Influence operations and health chatbots

Posted on June 22th, 2024

Summary

Apple announced that AI services will integrate with the iPhone 15 and in MacOS Sequoia on Macs and iPads. The AI tools will need to process personal data on Apple’s cloud, and Apple is inviting independent cybersecurity researchers to review the firm’s security architecture.

Meta’s wish to use the public social media profiles of adult users to train its AI models is causing problems for the company in the EU. Meta is offering an "opt-out" method for users who do not want their data processed, but privacy advocates argue that an "opt-in" method must be proposed, since the GDPR requires that users give explicit consent for each form of processing.

Chatbots in the health domain have been in the news. Google’s Personal Health Large Language Model is a chatbot that is trained using time-series data from wearable fitness devices, and Google claims that the chatbot outperformed human experts in answers to questions relating to fitness and sleep. One potential weakness is that data from wearable devices is training data from people who are relatively active, which is not representative of everyone. Another article looks at hallucination following reported errors given by the World Health Organization’s SARAH chatbot. The article notes that the better chatbots get, the more likely people are to miss an error when it happens.

On the subject of using generative AI for generating dis-information, an MIT Technology Review article examines a report from Meta looking at influence campaigns on its platforms. The report cites instances of state-sponsored actors using GenAI to create large volumes of social media comments and turning news articles into social media posts. Meta has released an AudioSeal tool for watermarking AI-generated audio clips – so that platforms can detect these clips as being AI generated.

An article from ZDNET summarizes predictions from several analysis firms. One interesting prediction from Gartner is that the rate of unionization of knowledge workers will increase by 1’000% by 2028 due to the perceived threats to their jobs from GenAI. Finally, a study from the US National Bureau of Economic Research working paper series evaluates the impact of chatbots that advise call agents in a call center environment. The research shows a large gain in productivity for lower-skilled workers and a negligible increase for experienced workers. Earlier trends in computerization tended to favor higher-skilled workers.

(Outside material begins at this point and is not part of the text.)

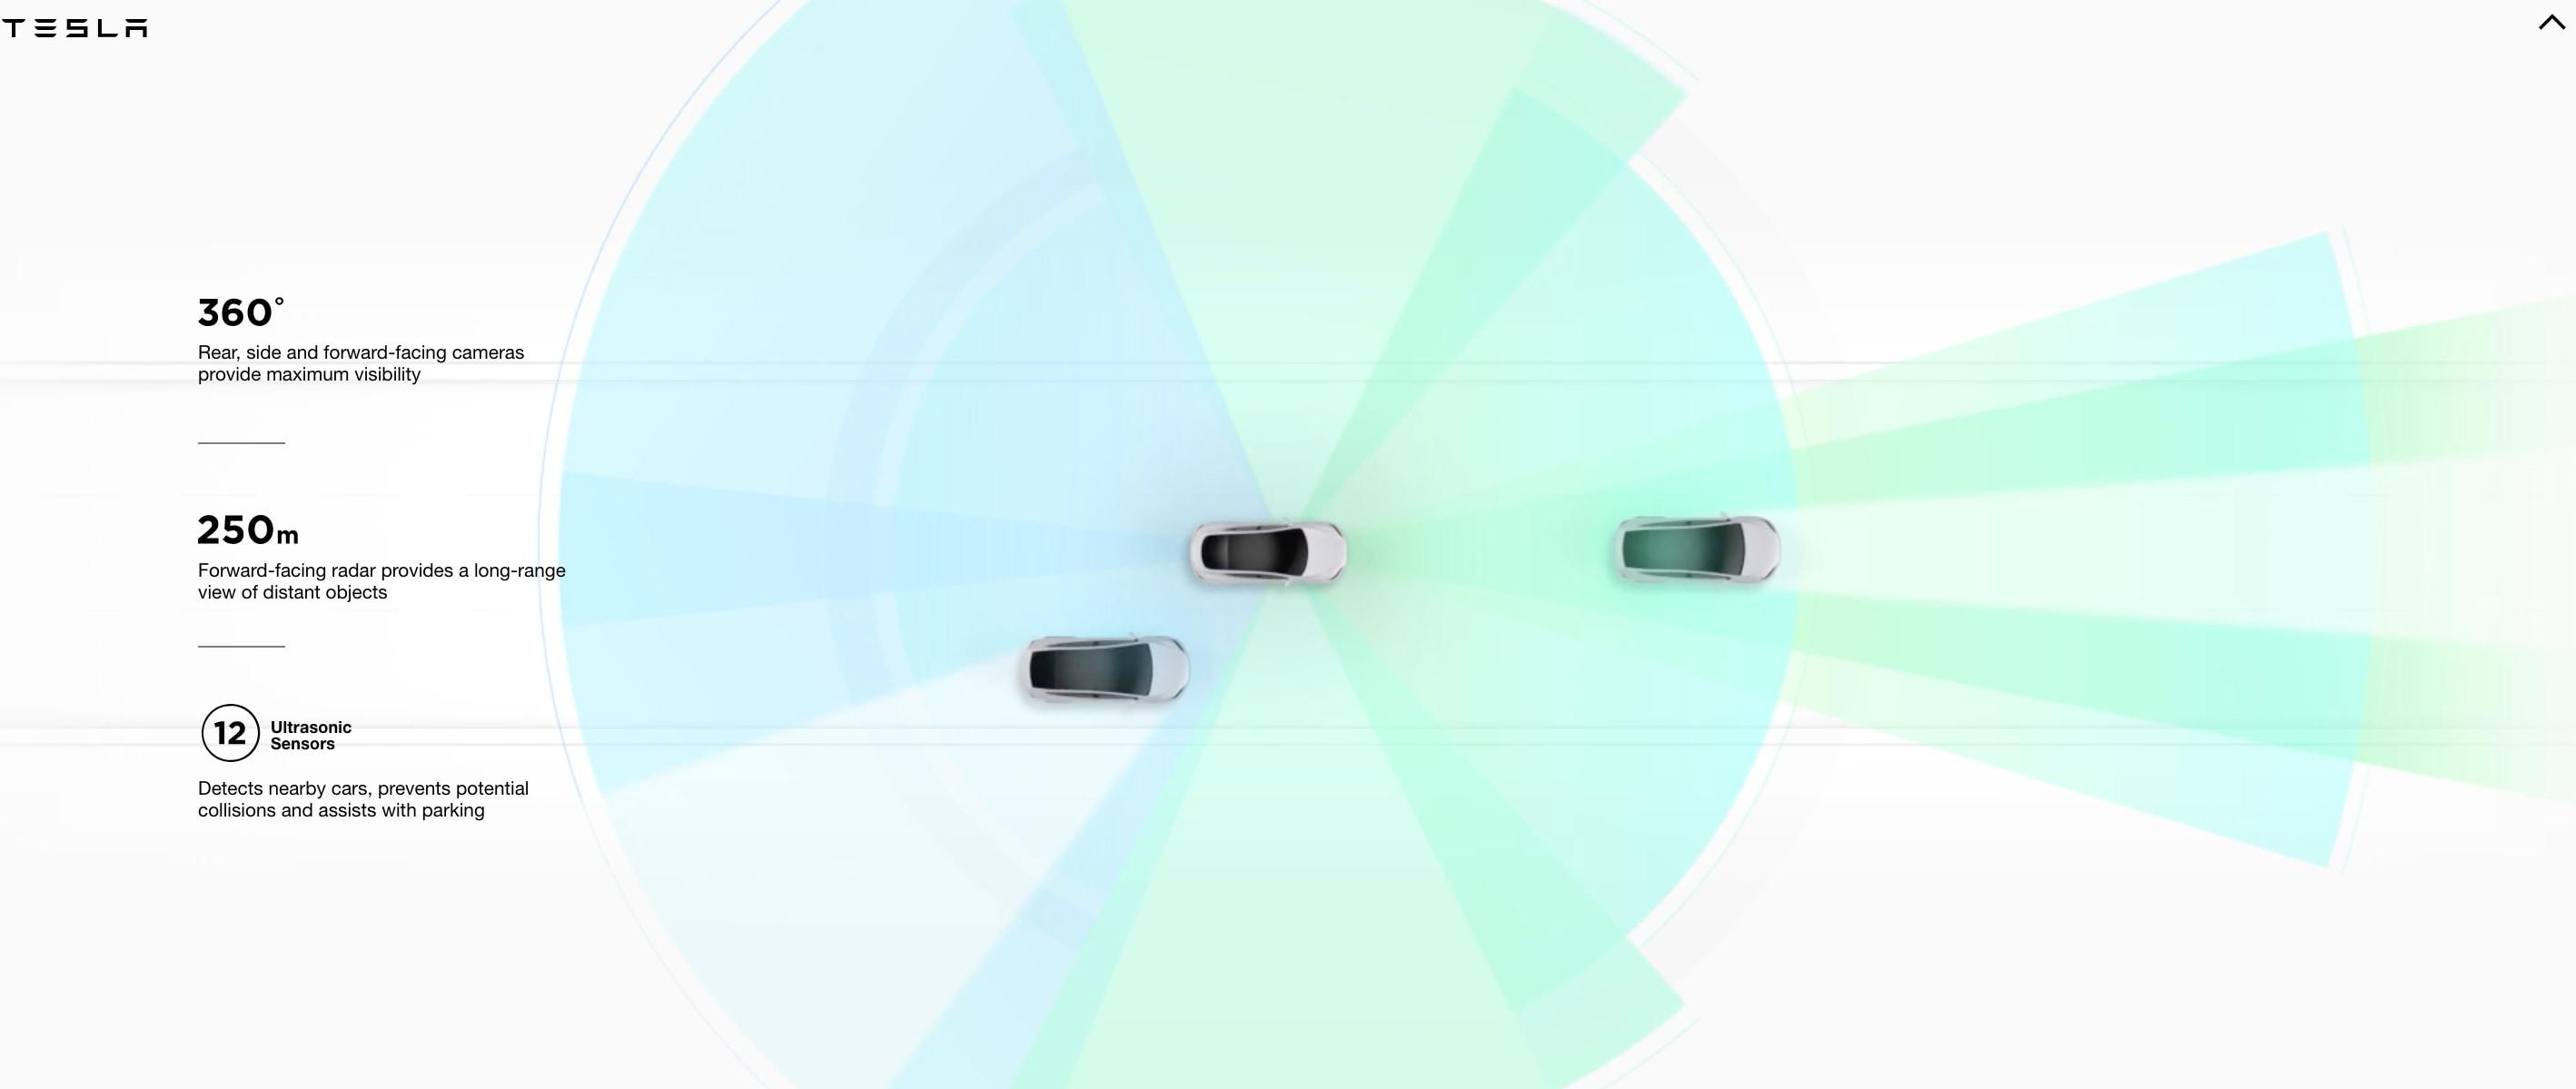 Tesla Vision AI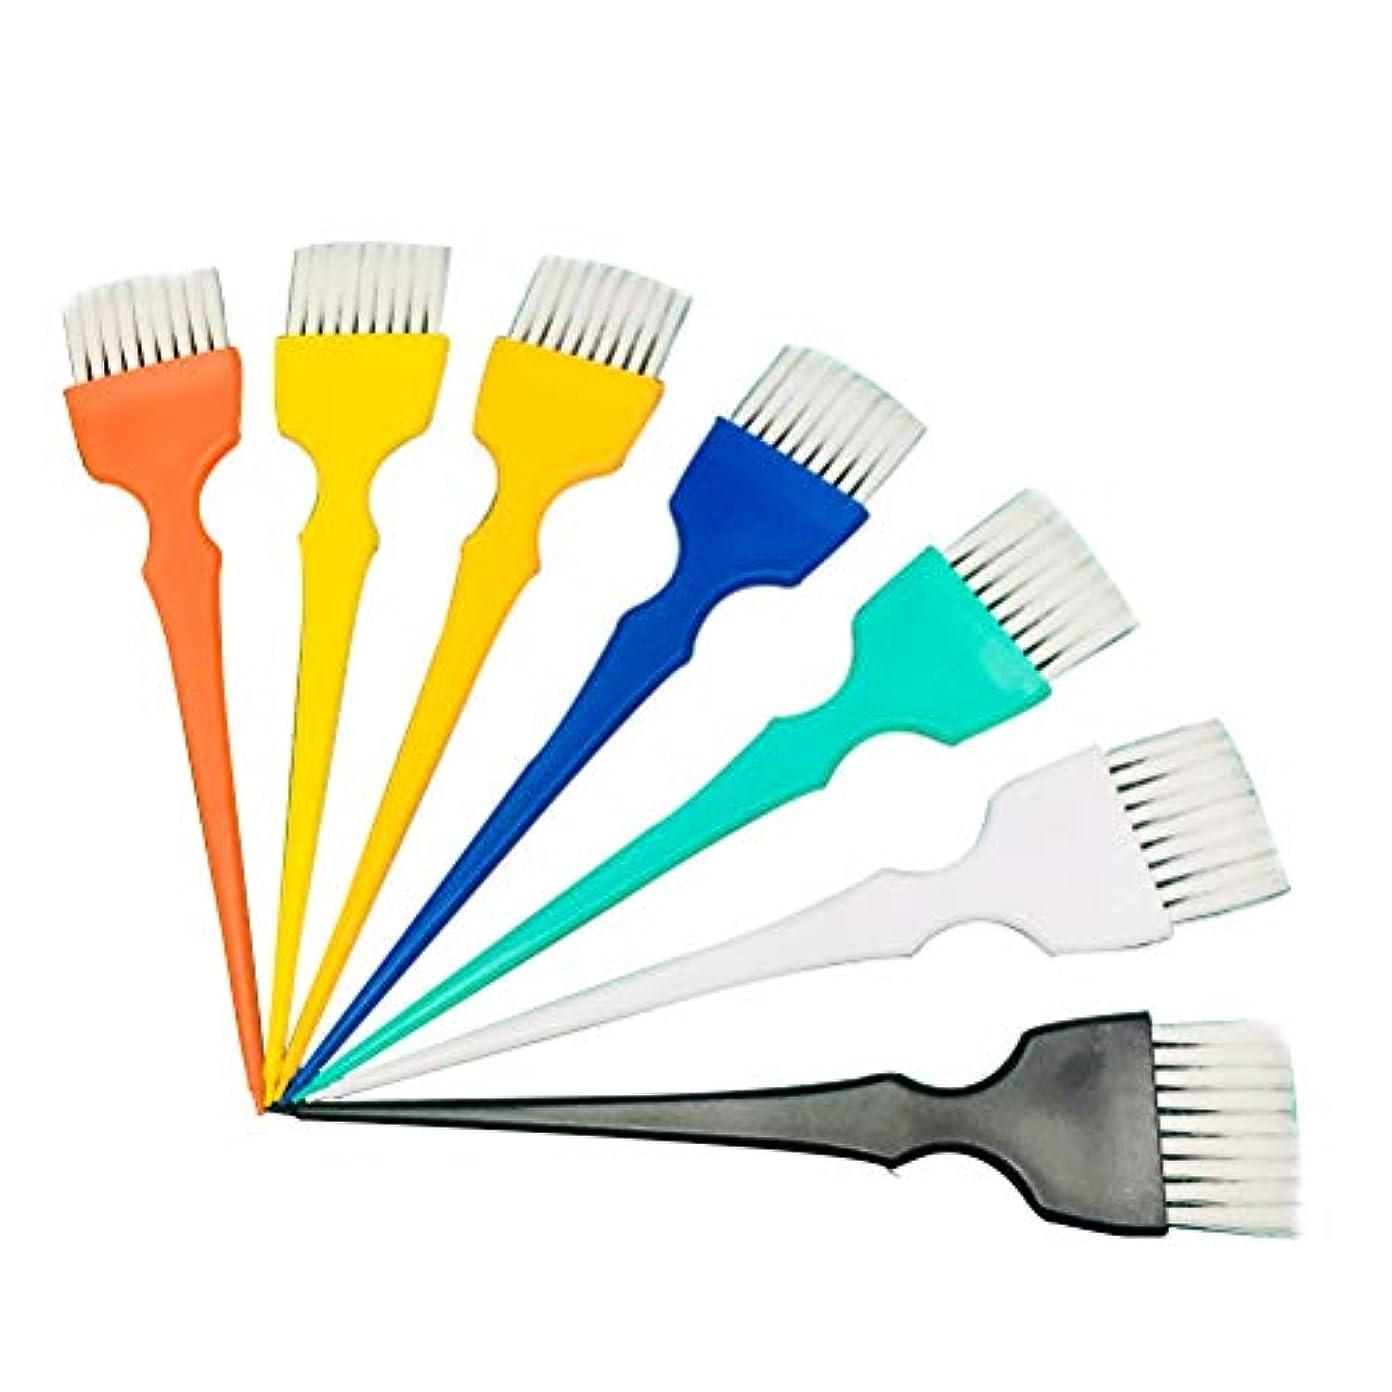 ストレスナチュラ顕現Beaupretty 7本染毛ブラシプラスチックソフトブラシヘアカラーブラシ美容院用(ランダムカラー)

1. Why artists are becoming less scared of AI

This article from MIT Technology News looks at the current relationship between GenAI and the creative process. Some artists do not want their works to be used in GenAI training data sets in order to protect their copyright claims, and this has pushed the design of tools that counter AI data-scraping engines. For instance, Nightshade from Chicago University modifies images so that, to a human, the image appears darkened, whereas the modified image completely distorts feature representations in a GenAI image model engine. Glaze uses a similar approach, and this is now used on Cara – a social media site for artists. At the same time, a study by Google DeepMind got 20 professional comedians to use GenAI to write comedy pieces. The artists found that the platforms were satisfactory for initial “vomit” drafts, but could not produce anything funny or stimulating. The article argues that "creative writing requires its creator to deviate from the norm, whereas LLMs can only mimic it".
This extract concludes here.